Trapped in the perpetrator/survivor dichotomy of understanding harm, it might seem like we have only two options: to ignore harm or to punish perpetrators.
But in fact, there are often other strategies available.
They involve taking anyone’s – everyone’s – expressions of pain seriously enough to ask hard questions and have tough conversations. They involve dedicating time and resources to ensuring that anyone who has been harmed has the support they need to heal.
7. Healing Is Both Rage and Forgiveness
If the revolution is a relationship, then the revolution must include room for both rage and forgiveness: We have to be able to tolerate the inevitability that we will be angry at one another, will commit harm against one another.
When we are harmed, we must be allowed the space to rage. We need to be able to express the depth of our hurt, our hatred of those who hurt us and those who allowed it to happen – especially when those people are the ones we love.
It is up to the community to hold and contain this rage – to hear and validate and give it space, while also preventing it from creating further harm.

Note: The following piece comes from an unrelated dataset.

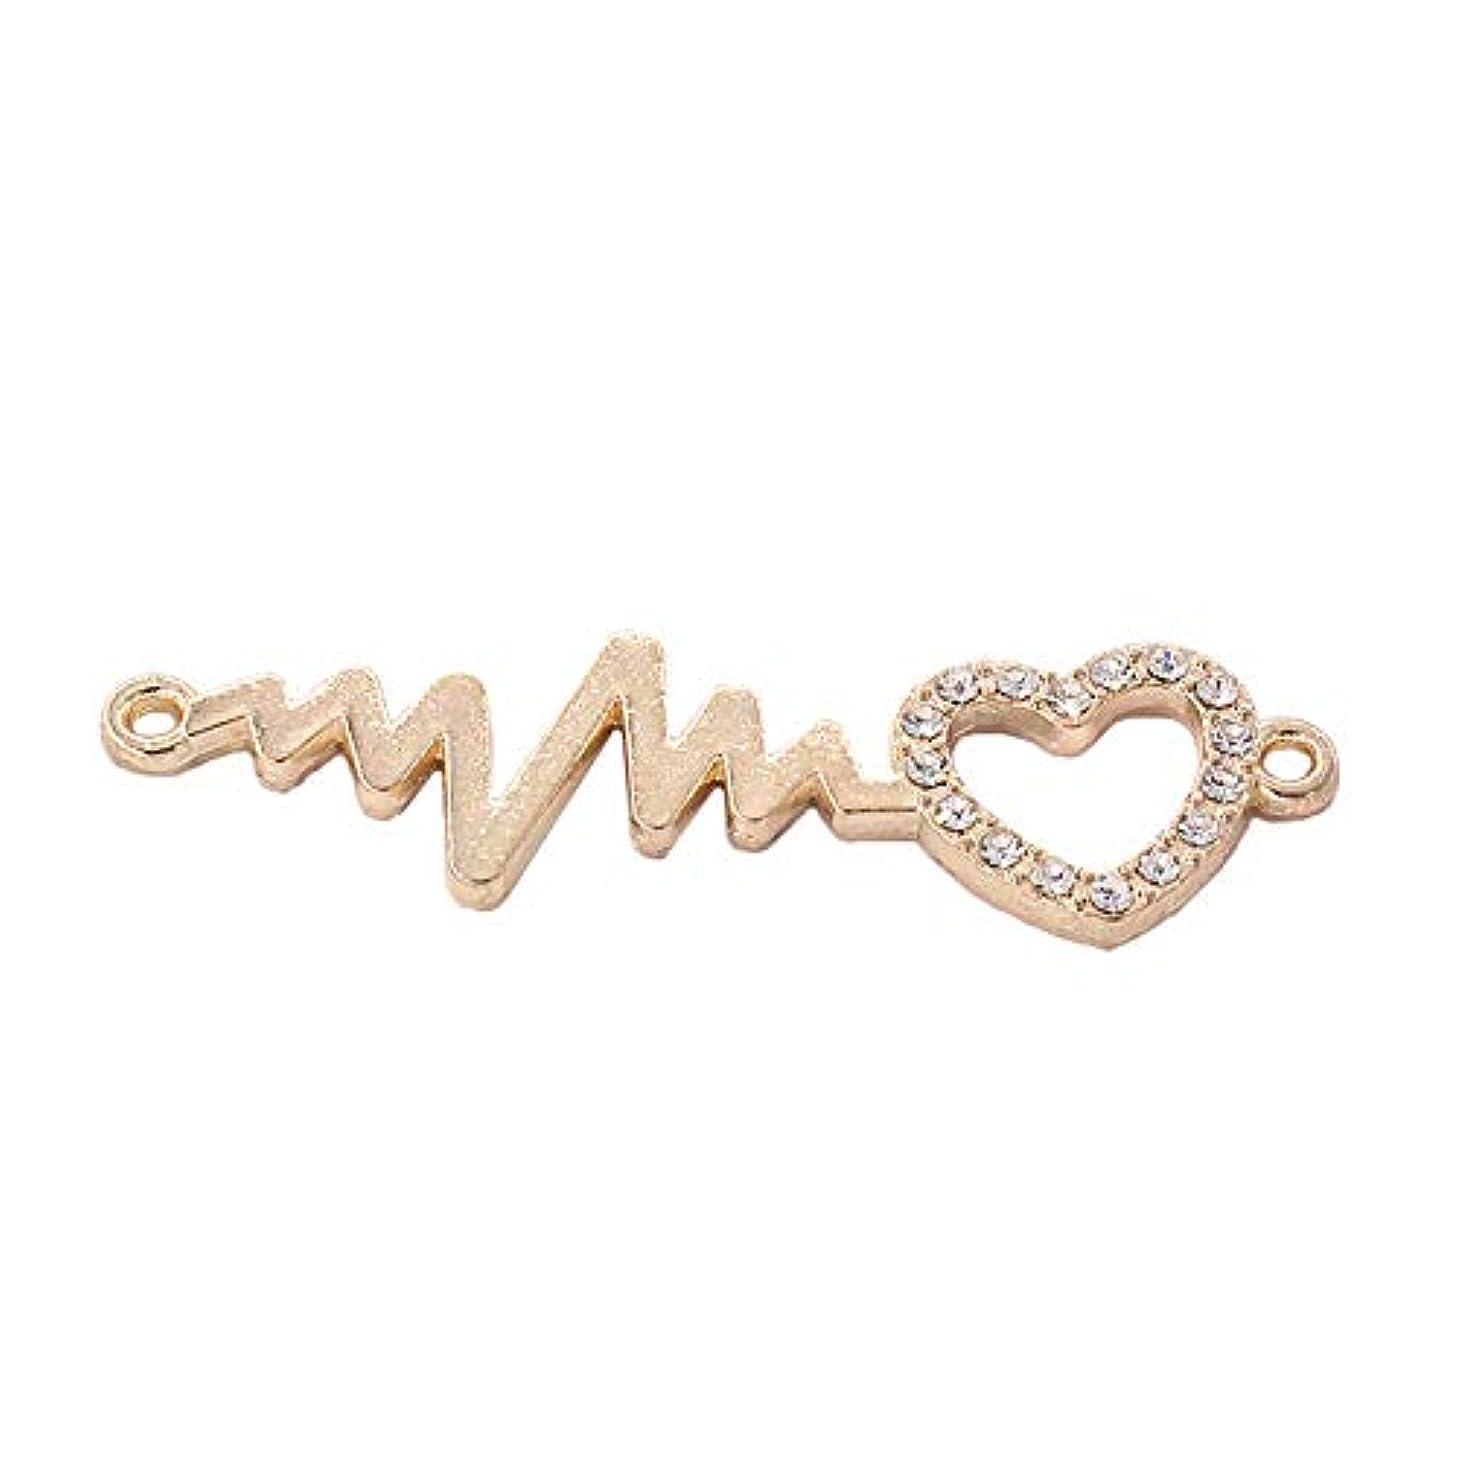 Golden Heart Shape Diamond Long Fold Shape Accessories Key Chain Bracelet Necklace Pendants for Mothers Day Gift

The expression of anger and pain is key to the transformation of violence into healing, because it allows us to understand what has happened and motivates us to change.
And it’s up to the community as well to then provide a framework for forgiveness, to help envision a future where forgiveness is possible, and how it might be achieved.
8. Community Is the Answer
There are no activist communities, only the desire for communities, or the convenient fiction of communities. A community is a material web that binds people together, for better and for worse, in interdependence…
If it is easier to kick someone out than to go through a difficult series of conversations with them, it is not a community. Among the societies that had real communities, exile was the most extreme sanction possible, tantamount to killing them. On many levels, losing the community and all the relationships it involved was the same as dying.
Let’s not kid ourselves: We don’t have communities.
—Anonymous, Broken Teapot Zine
The above quote is a revealing glance into the inner dynamics of social justice and activist culture.
It reveals the source of our incapacity to create accountability and the deep emotional and material insecurities that lie beneath it.
Perhaps the reason we tend to recreate disposability culture and trauma responses over and over is because we are all, secretly, that frightened runaway kid, constantly searching for a home, but not really believing we can find one.
Maybe we don’t create communities of true interdependence – of indispensability, of forever-family – because we are terrified of what will happen if we try.
But I believe, have to believe, that true community is possible for me and for all of us. The truth is, we can’t keep going on the way we have been. We need each other, need to find each other, in order to survive.
And I have faith that we can.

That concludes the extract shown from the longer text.